"We, His Most Illustrious Long-eared Majesty Bunzees, Emperor of All Bunnies, Lord of Coneys, Master of Adorable Little Snuffing Noses, doth declare upon this day that, having heard the cause of the rabbit who is calledeth by the name of Snowball, we do hereby granteth his request, ere his incessant ramblings and demands, pressing upon our sane mind, causeth it to go, as his hath heretofore, nuts.
For our infamous, and famous, subject Snowball is not so well knowneth for naught. Upon this glorious planet of bunny civilization there is none who can, as he doth, so constantly and, yea, endlessly quoth on all manner of things, the like of which we, the Imperial Majesty, wisheth not to hear, for, as ye, the good people of this good empire knoweth, His Majesty is most busyeth with most important matters, for His Majesty doth loveth most royally all his subjects and careth (as ceaselessly as the chatter of Snowball) for them all.
Thus, so that we, the Emperor, may returneth to such matters as calleth our most nearly indomitable attention, we hereby granteth that which Snowball hath requested of us. And that which Snowball hath requestedeth of us is this: that this blog, which thou, weary traveller, doth now in thy idleness and by Fate drift upon most languidly, yet most fortuitously, this selfsame blog we, in our most Imperious Long-eared Power, do take into our own paws, that we may, in keeping with our resolve, granteth it unto the paws of the aforementioned Snowball.
With all the solemnity of Our Royal Whiskers, we do giveth this blog unto the possession of Snowball in perpetuity.
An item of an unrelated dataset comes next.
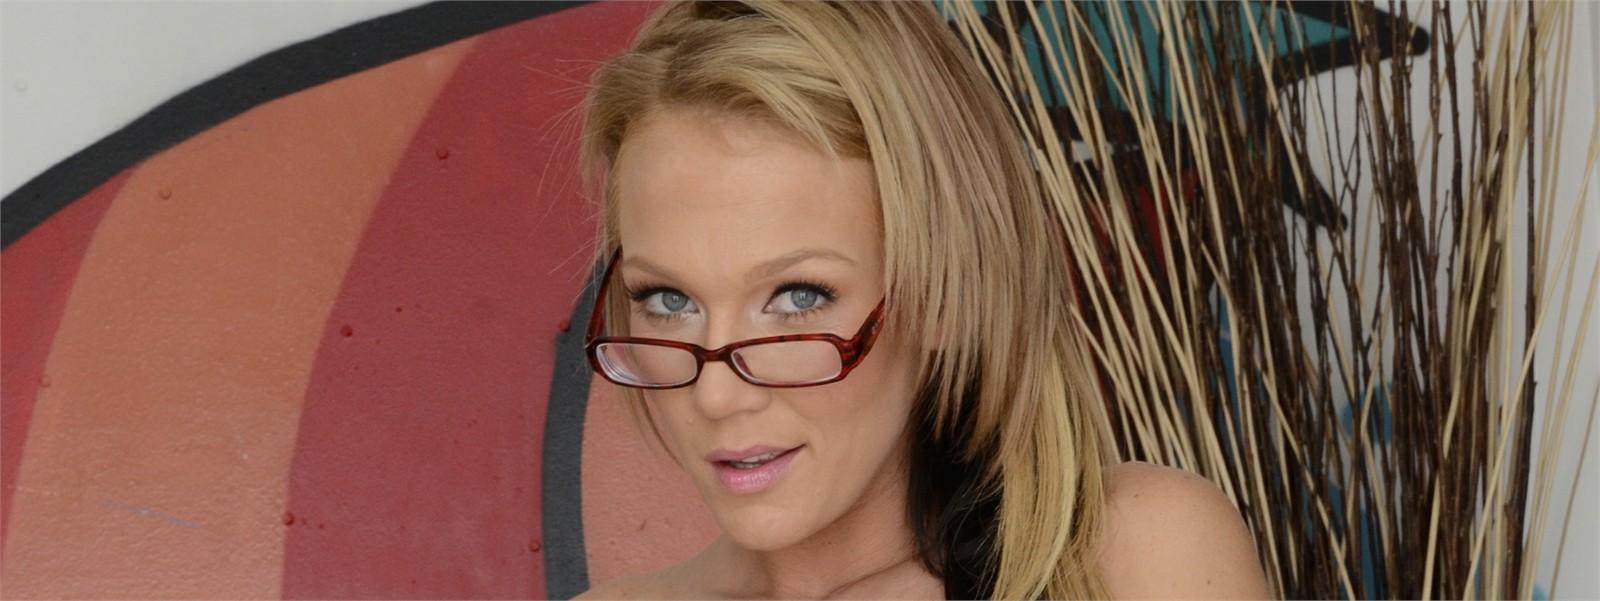 Nikki Sexx Hero Image

His Most Illustrious Long-eared Majesty Bunzees, Emperor of All Bunnies, Lord of Coneys, Master of Adorable Little Snuffing Noses, Lover of Those Nice Orange Vegetables, Glorious Muncher of Grass, Wielder of the Cutest Face Ever, He Who in His Spare Time Doth Be a Ninja Warrior, He Who Hath Mastery Over a Planet, He Who Doth Adore Scratches Between the Ears Most Imperiously, etc."